Page:Gleason - Premier péché, 1902.djvu/101

Le texte de cette page a été corrigé et est conforme au fac-similé.
101
Premier péché

La petite lettre embaumait la senteur des prairies, la mignonne cousine l’avait écrite, sans doute, parmi les fleurs champêtres, et chaque feuillet avait dormi sur une touffe d’herbes odorantes. La chambre du cousin en était toute parfumée ; c’était une floraison de jeunesse éclose dans ces lignes, et que le pauvre aspirait avec délices.

— Pourquoi ?

Oui, pourquoi ? Comment pouvait-on lui demander pourquoi il vivait seul, sans foyer, sans femme ? Était-ce sa faute à lui si, au sortir de l’adolescence, il s’était trouvé le père d’une famille orpheline d’hier ? Pouvait-il se dérober au lourd devoir qu’une tombe lui léguait ? Frères et sœurs avaient vécu de lui ; et la maman, la chère maman ! celle-là était morte, avec un dernier merci, car elle avait compris tout l’héroïsme de son enfant, mais, elle seule !

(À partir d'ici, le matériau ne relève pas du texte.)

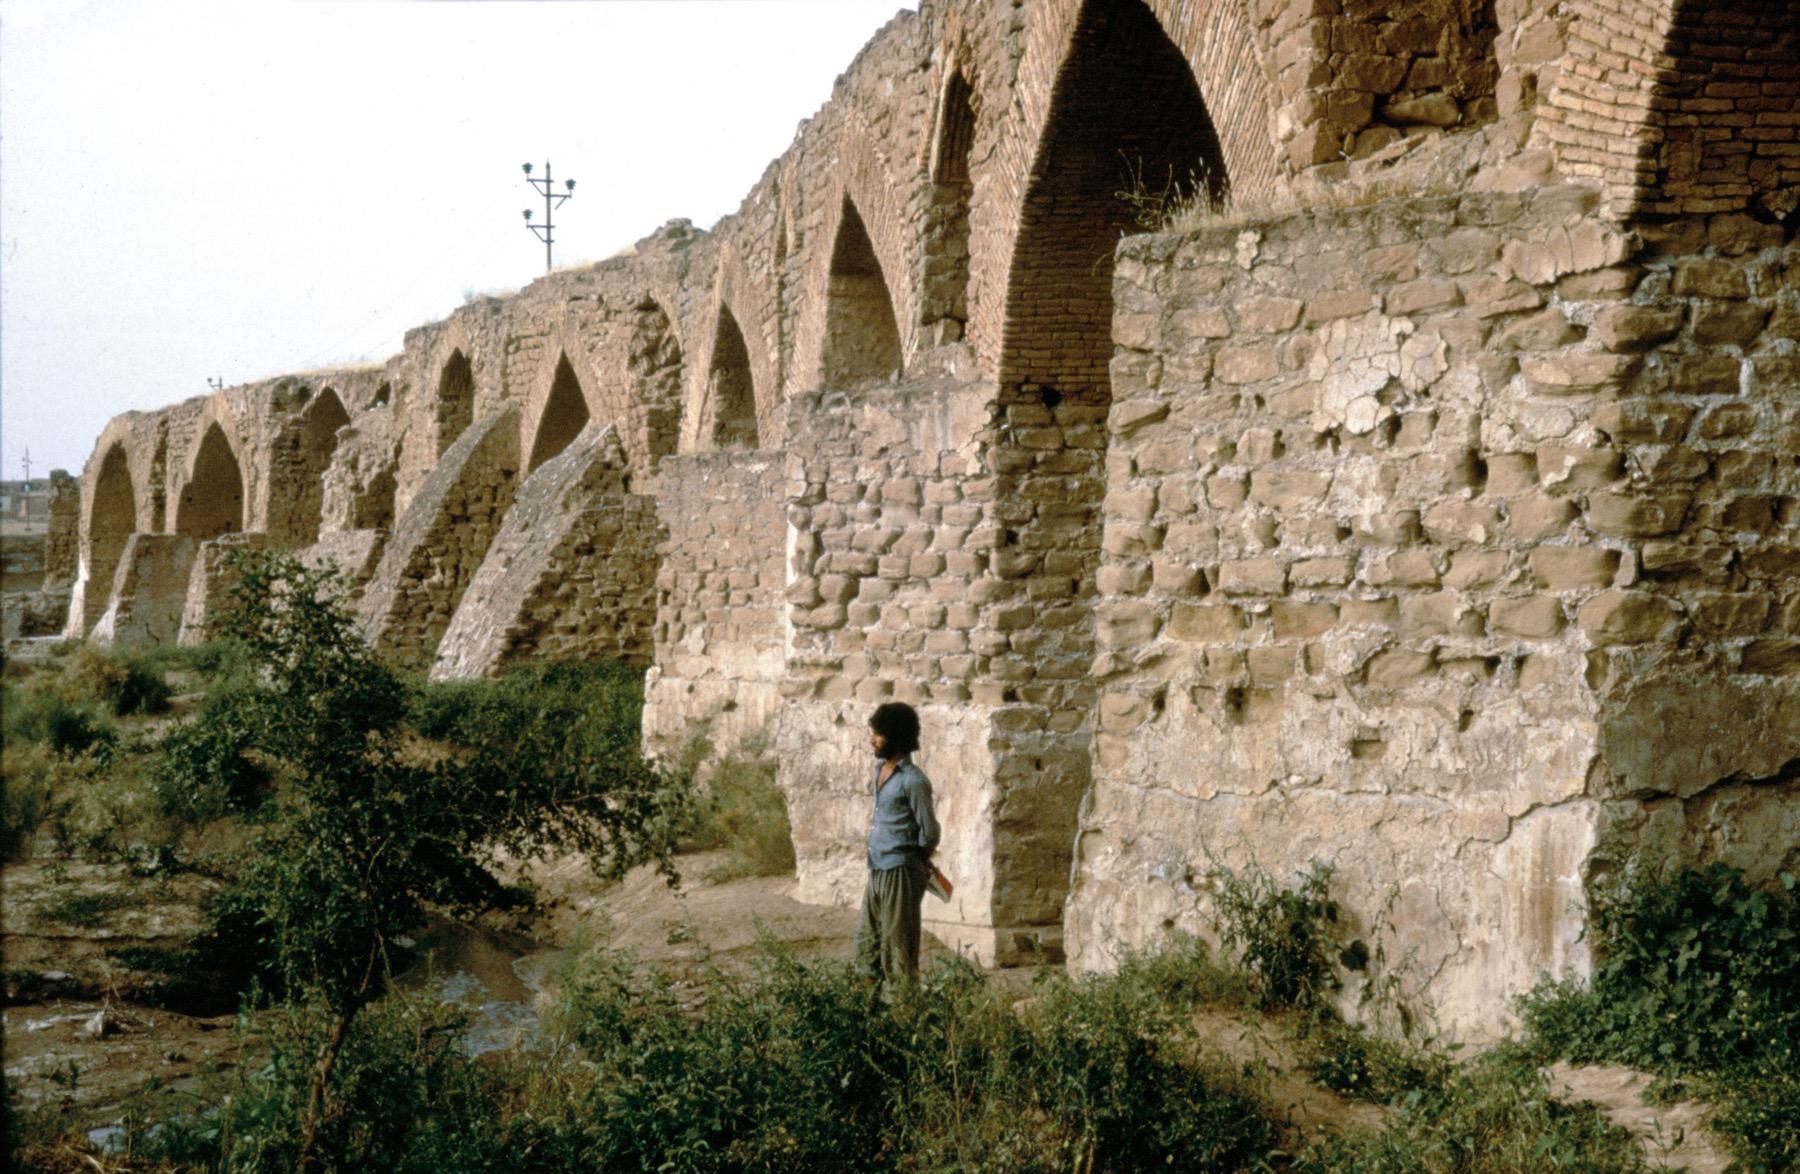 View of stone piers and brick vaults
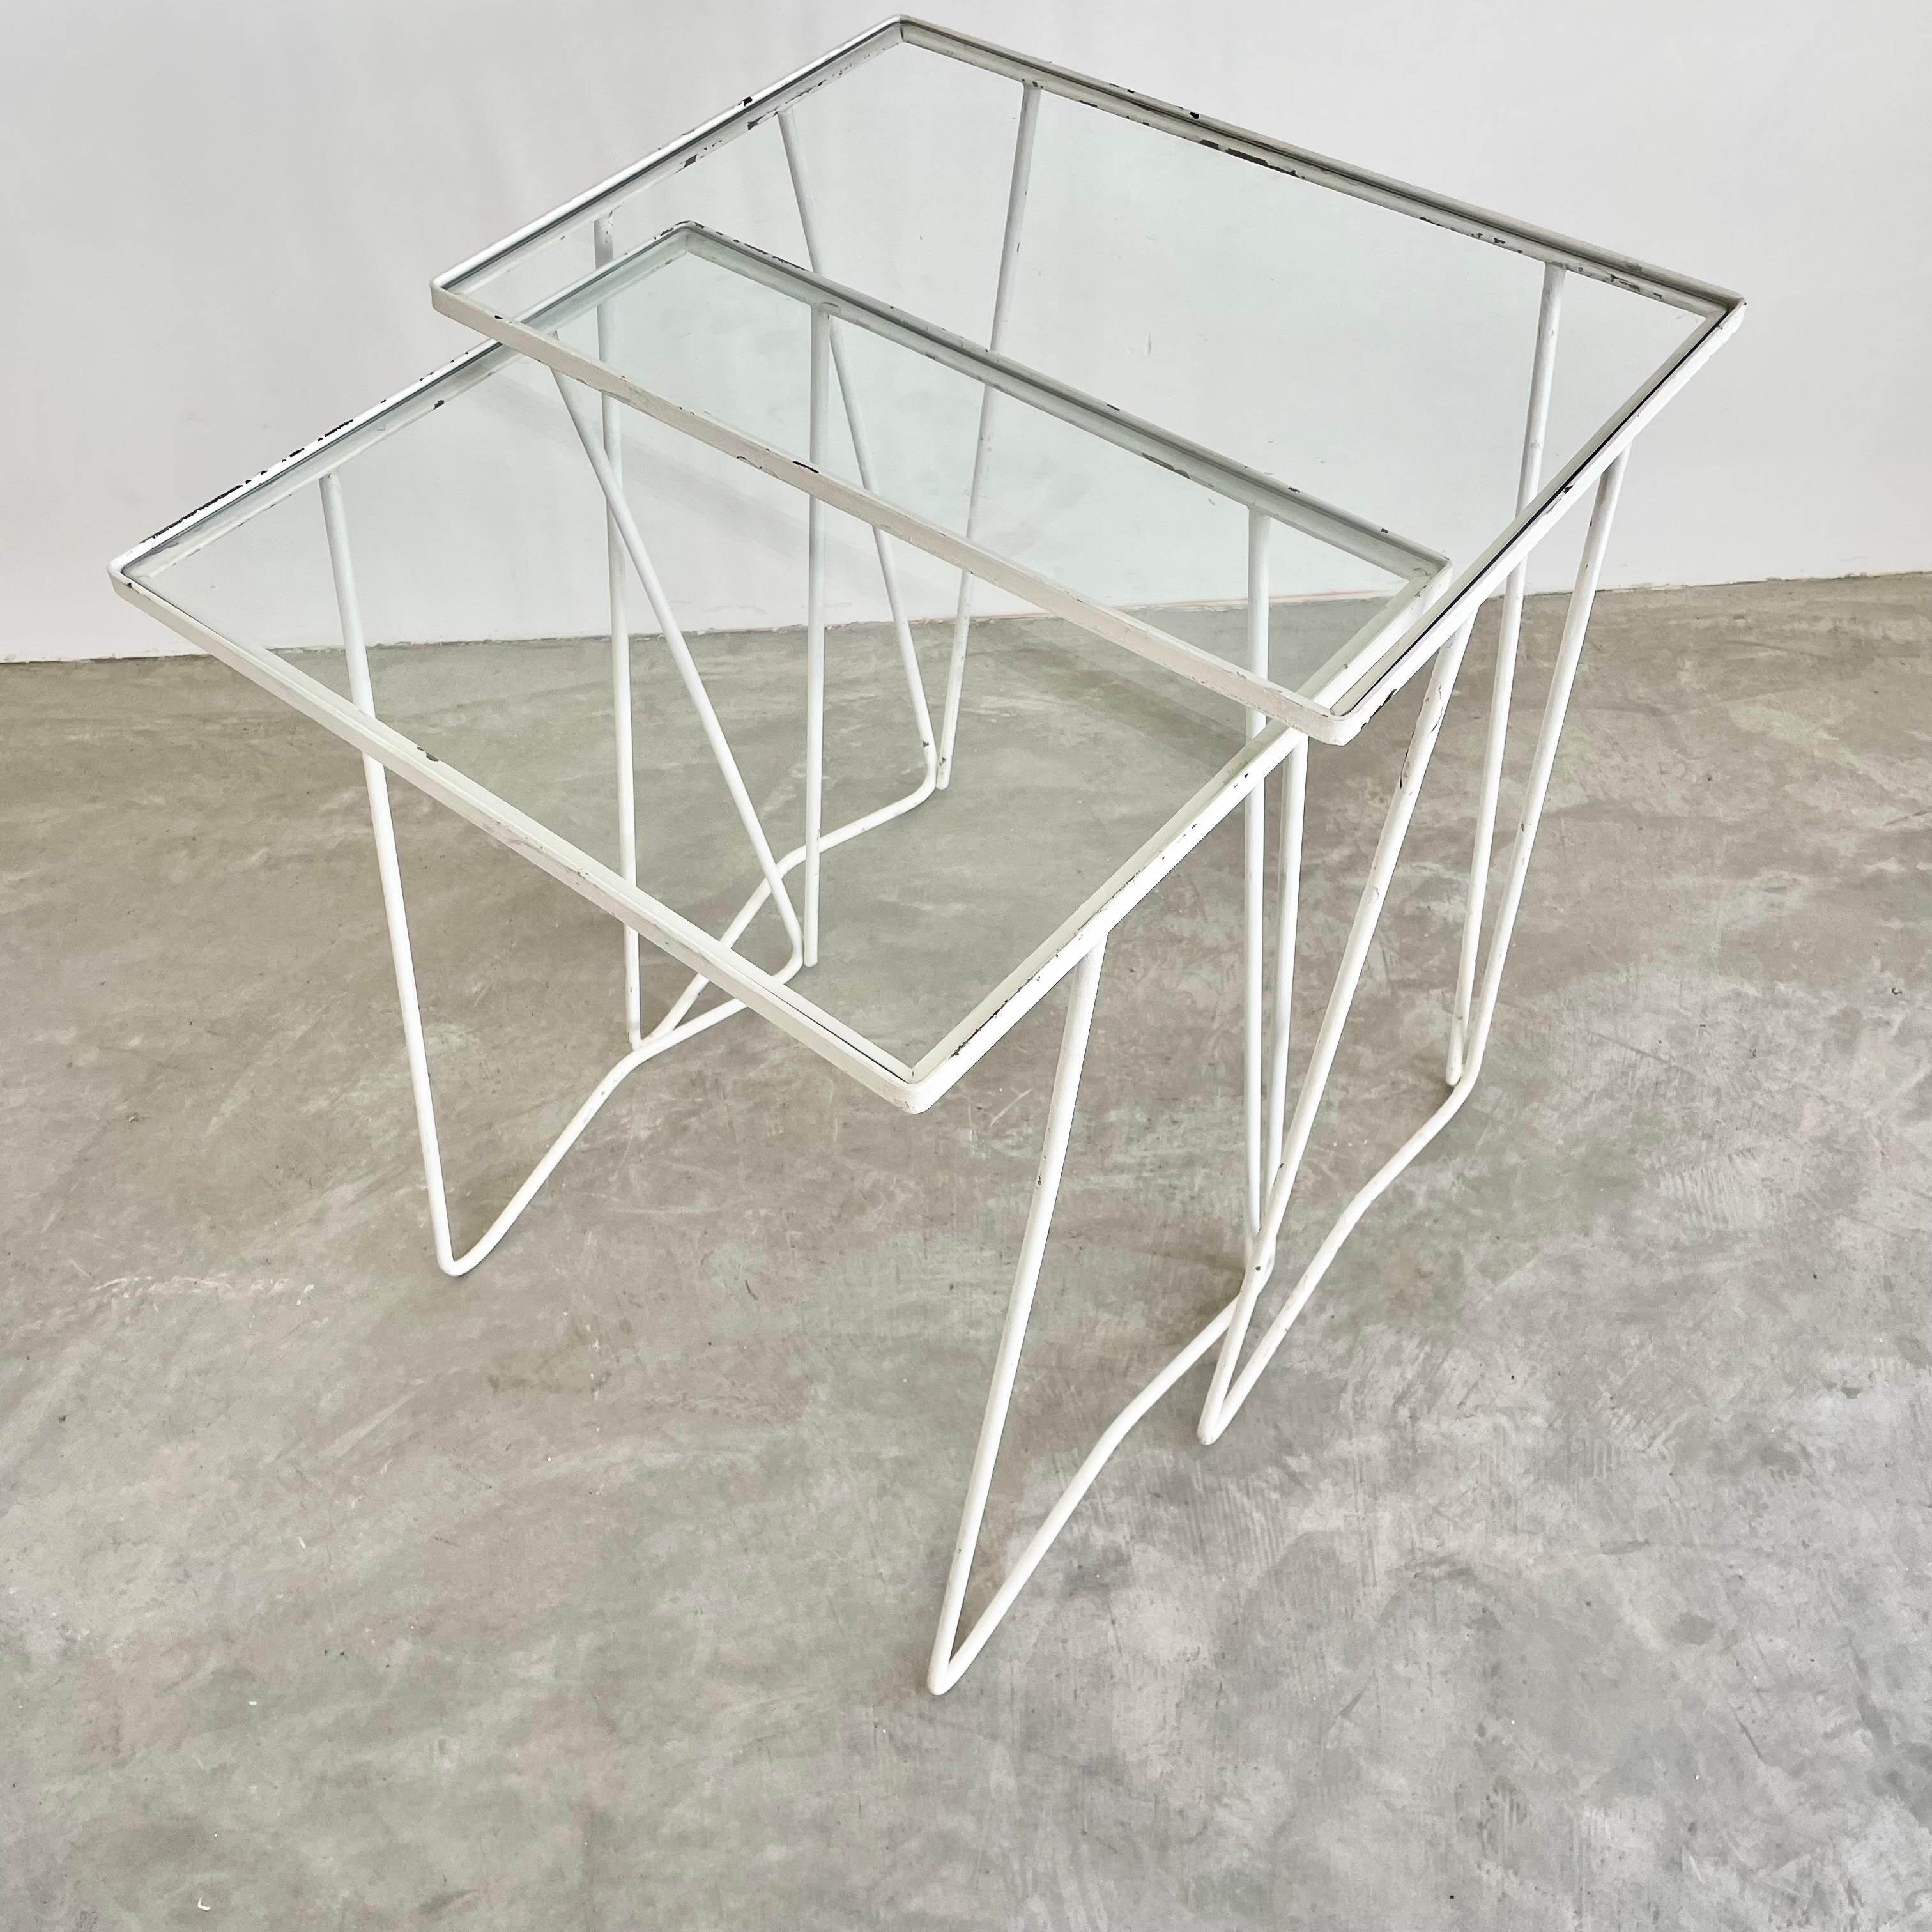 Pair of Iron and Glass Nesting Tables, 1970s USA For Sale 6

Les autres oubliaient, étaient heureux, et lui vivait seul maintenant, désorienté ; ayant donné toute sa joie aux autres, il n’en trouvait plus un rayon dans son isolement. Et ceux-là pour lesquels, avec une générosité si grande, il avait renoncé à tout rêve, ceux-là pensaient rarement à lui… mais quand le budget du petit ménage ne balançait pas, lui, toujours lui, comblait le déficit. On acceptait tout comme chose due, n’y attachant même pas un petit mérite. Il était le banquier ; et un jour, n’avait-il pas en tendu qu’on le taxait d’égoïsme parce que sa bourse était vide…

Égoïsme !

Ce seul mot-là lui revenait avec la rancœur de ses rêves mutilés. Égoïste ! Lui qui avait sacrifié tout : sa jeunesse, ses rêves, son foyer ? Lui, qui avait laissé, sans une révolte, s’approcher le spectre de la vieillesse, ne voulant pas se soustraire à des obligations sacrées ?… Alors que, comme tout autre, il avait le cœur plein d’amour, et la mémoire remplie du rayonnement des yeux bruns, de la mélancolie des yeux bleus, du chatoiement des chevelures d’or, de l’éblouissement des tresses d’ébène… il s’était interdit d’aimer !

Égoïste !  !

Allons donc, ne s’était-il pas sauvé de la blonde enfant qui, un soir, lui souriait ? Et pourtant, en combien d’adorations muettes il s’était absorbé devant la chère image, encadrée au meilleur de son âme, dans le coin fleuri de ses illusions, roses tendres que le souffle du réel n’avait jamais ternies.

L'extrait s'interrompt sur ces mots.